In this embodiment, the barrier layer 153 and the wetting layer 155 are both of equal thickness, the barrier layer 153 covers the convex adhesive layer 151, and the wetting layer 155 covers the barrier layer 153. Preferably, the adhesion layer 151 is a titanium layer, the edge thickness is between 4 μm and 6 μm, the material of the barrier layer 153 may be at least one of nickel, vanadium and chromium, the thickness of the barrier layer 153 is 4 μm to 6 μm, the material of the wetting layer 155 is copper, the conductive pillar 160 may also be a copper pillar, and the thickness of the wetting layer 155 is 2 μm to 4 μm, wherein the convex adhesion layer 151 and the arc convex barrier layer 153 may improve the structural strength of the intermediate layer of the combined conductive layer.

In the present embodiment, a second combined conductive layer 180 is further disposed on a side of the conductive pillar 160 away from the chip 110, and the second combined conductive layer 180 is disposed between the conductive pillar 160 and the solder cap 170. Specifically, the second combined conductive layer 180 uses a conductive metal material.

In this embodiment, the second combined conductive layer 180 includes a first conductive layer 181 and a second conductive layer 183, the first conductive layer 181 covers the surface of the conductive pillar 160, the second conductive layer 183 covers the first conductive layer 181, the solder cap 170 covers the second conductive layer 183, the second conductive layer 183 is configured to block atomic diffusion between the solder cap 170 and the conductive pillar 160, and the first conductive layer 181 is configured to improve adhesion between the second conductive layer 183 and the conductive pillar 160. Specifically, the first conductive layer 181 is a titanium layer, which can improve adhesion between the second conductive layer 183 and the conductive post 160. The second conductive layer 183 is made of nickel or vanadium alloy, and can play a role of blocking atoms in the tip solder cap 170 from diffusing to the conductive pillar 160. Of course, the first conductive layer 181 may also be made of graphene to improve heat dissipation and electrical conductivity.
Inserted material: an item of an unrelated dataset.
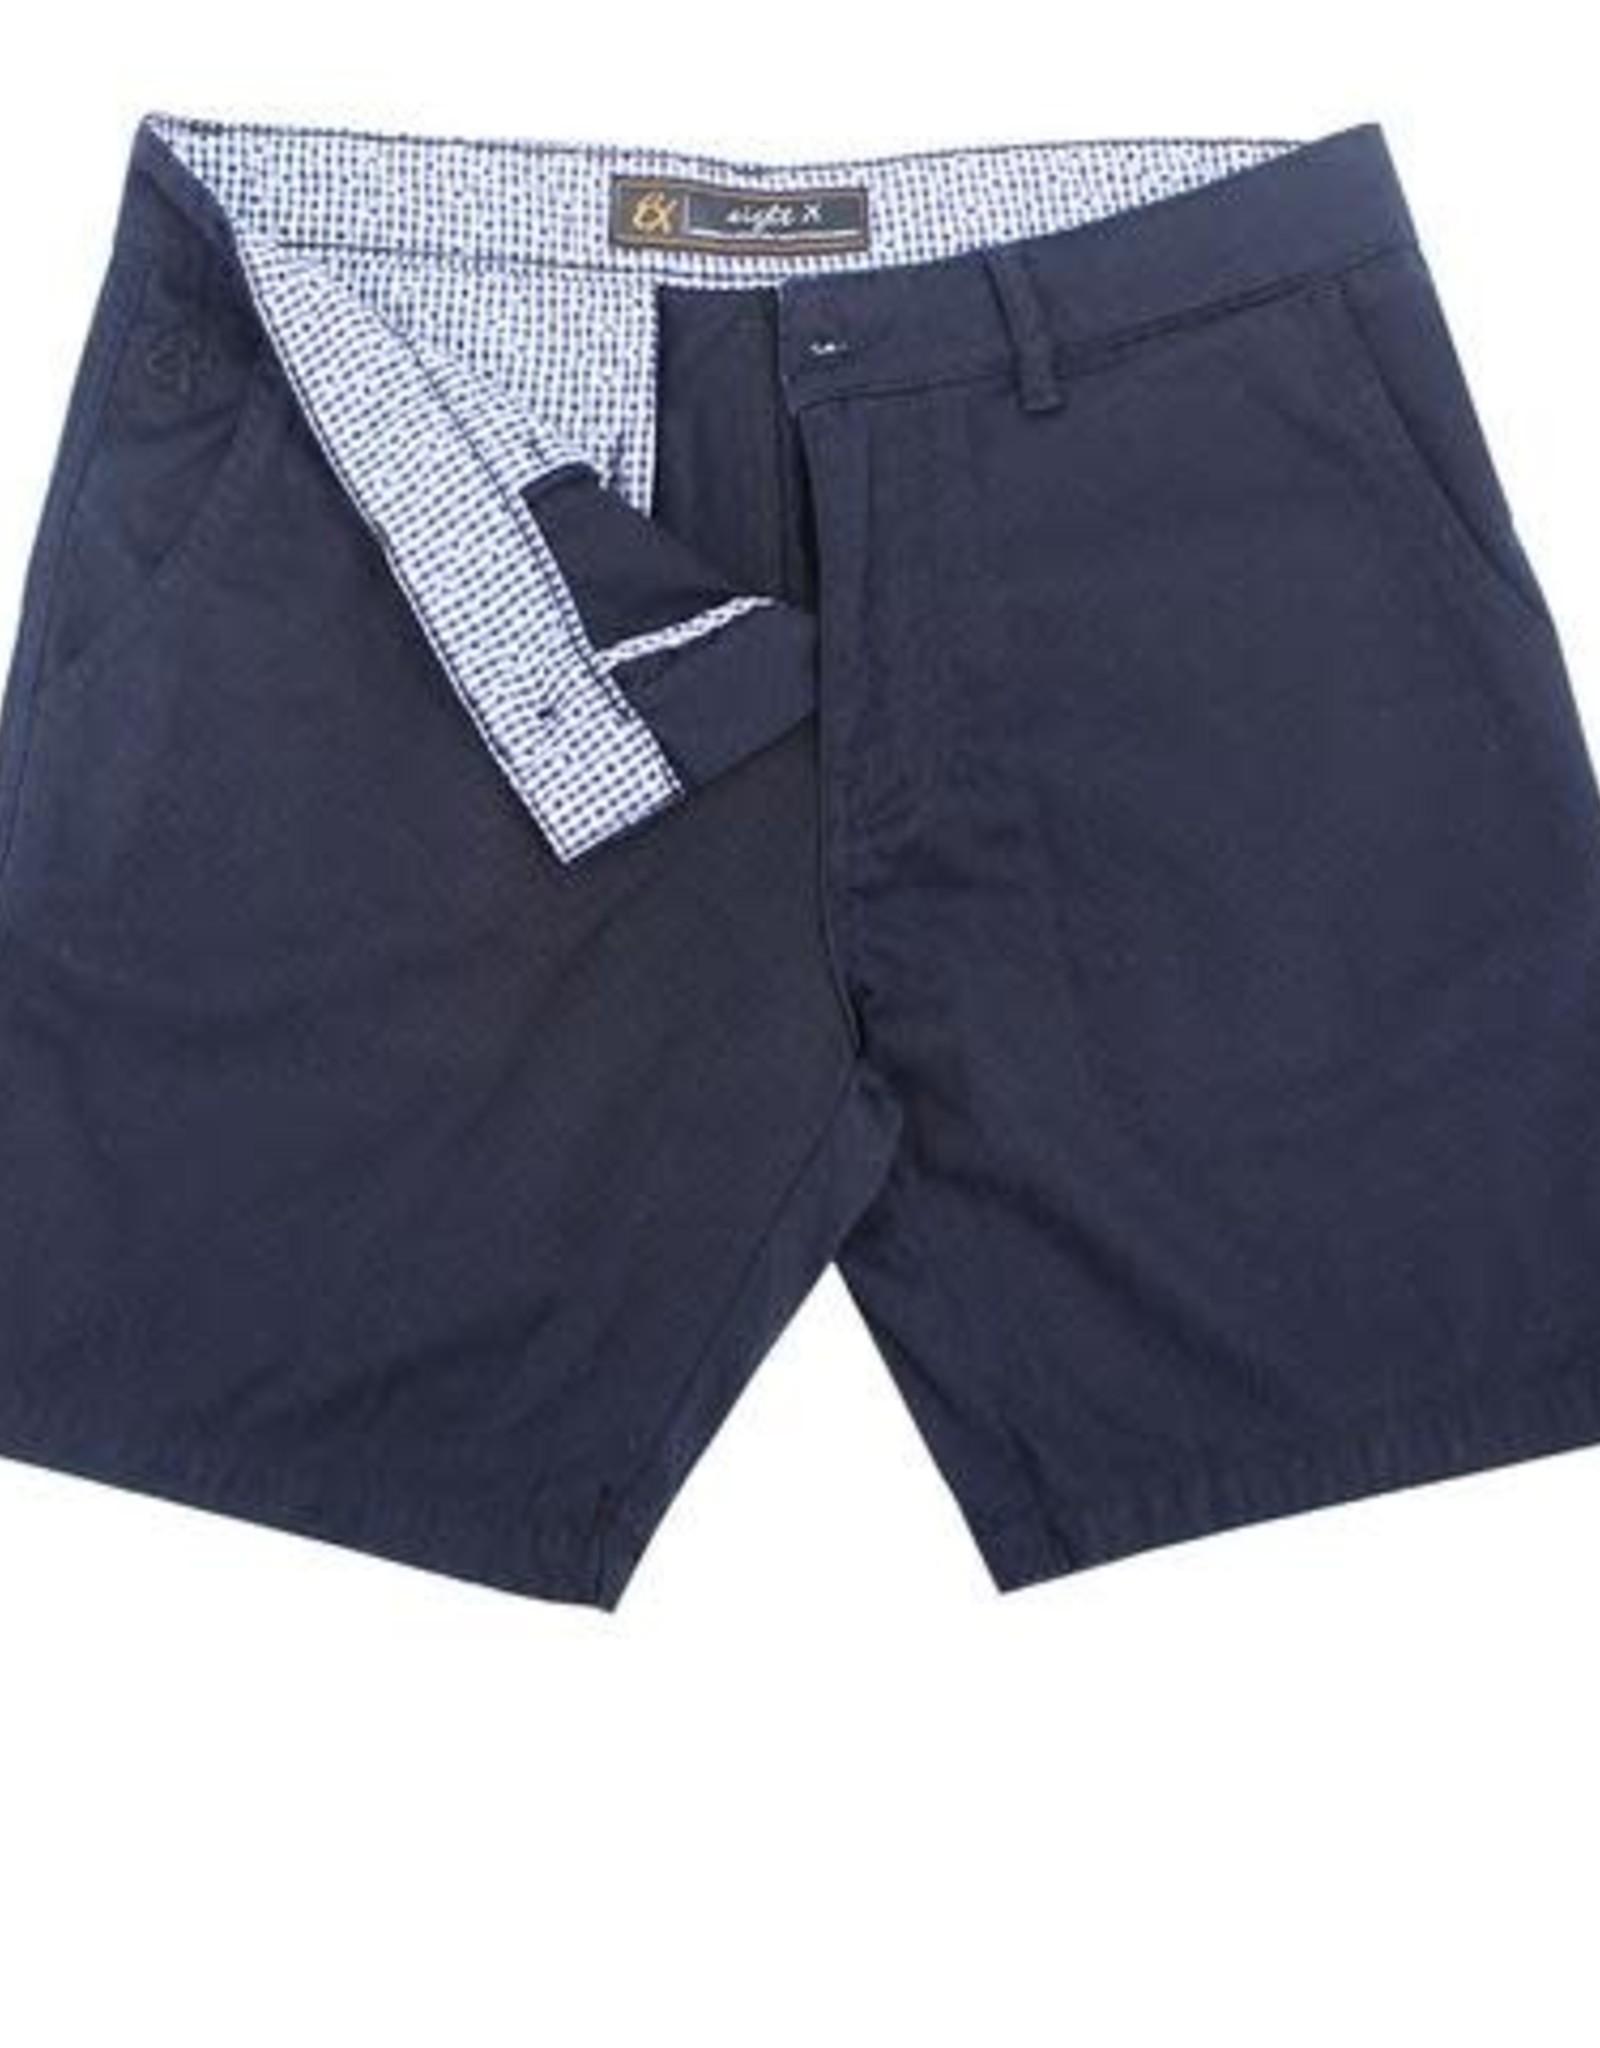 Eight X Slim Fit Textured Short

In the present embodiment, at least a portion of a surface of the conductive pillar 160 away from the chip 110 is an outward convex arc surface, so that the conductive pillar 160 forms an arc-shaped bump structure. Specifically, the conductive pillar 160 is a copper pillar, and one end of the conductive pillar 160, which is away from the chip 110, is in a convex arc shape, so that the contact area of the first conductive layer 181 can be increased, and the adhesion can be further improved.

It should be noted that in this embodiment, the conductive pillar 160 further has stopping platforms formed on two sides of the convex arc surface, and the surfaces of the stopping platforms are disposed along a horizontal plane or inclined upward from inside to outside, so that the height of the edge of the conductive pillar 160 is greater than or equal to the height of the edge of the convex arc surface. Through setting up the backstop platform, can play the buffer action that ends a class, slow down the phenomenon that welding cap 170 climbed along leading electrical pillar 160 side.

The embodiment further provides a method for manufacturing the bump package structure 100, which is used to manufacture the bump package structure 100, and the method includes:

s1: a chip 110 with a pad 120 is provided.

Referring to fig. 3, specifically, a chip 110 with a pad 120 is provided, the chip 110 has a circuit layer therein, and the pad 120 is electrically connected to the circuit layer.

S2: a protective layer 130 is formed on the chip 110 at the side having the pad 120.

Referring to fig. 4, specifically, a liquid-like protective material, such as polyimide, is uniformly coated on the surface of the chip 110 by spin coating using a coater, and then is soft-baked and shaped to form a film through a hot plate.

S3: a protection opening 131 corresponding to the pad 120 is formed on the protection layer 130.

Referring to fig. 5, specifically, a hole is opened at a predetermined position by an exposure and development technique, the position of the pad 120 is exposed and forms a slope, then the oven is used again to heat the protective layer 130 to accelerate curing to a stable state, and then the adhesive residue machine is used to remove the contaminants or residues on the surface of the protective layer 130. Wherein the protection layer 130 may also be silicon nitride or the like.

S4: a base conductive layer 140 is formed in the protective opening 131.

Referring to fig. 6, in particular, a multi-layer graphene slave structure is coated or otherwise formed on the surface of the protection layer 130 again, wherein the graphene material fills the protection opening 131 and covers the surface of the protection layer 130 to a thickness of 4-8 μm, and then the base conductive layer 140 is cured again using an oven. The base conductive layer 140 includes a multi-layered graphene structure.

S5: a first combined conductive layer 150 is formed on the base conductive layer 140.

Referring to fig. 7, specifically, an adhesion layer 151 is formed on the surface of the base conductive layer 140 by electroplating, and the adhesion layer 151 may be a titanium layer with a thickness of 4-6 μm, and the titanium layer has an extremely high metal adhesion property. Then, a convex arc surface is formed on the bonding layer 151 by plasma etching or chemical etching, and then a barrier layer 153 and a wetting layer 155 are sequentially formed on the bonding layer 151 by electroplating.

S6: forming a conductive pillar 160 on the first combined conductive layer 150;

referring to fig. 8, a protective paste is coated on the surface of the first combined conductive layer 150, the conductive pillar 160 is opened by a photolithography process, and then the conductive pillar 160 is formed by electroplating a copper layer.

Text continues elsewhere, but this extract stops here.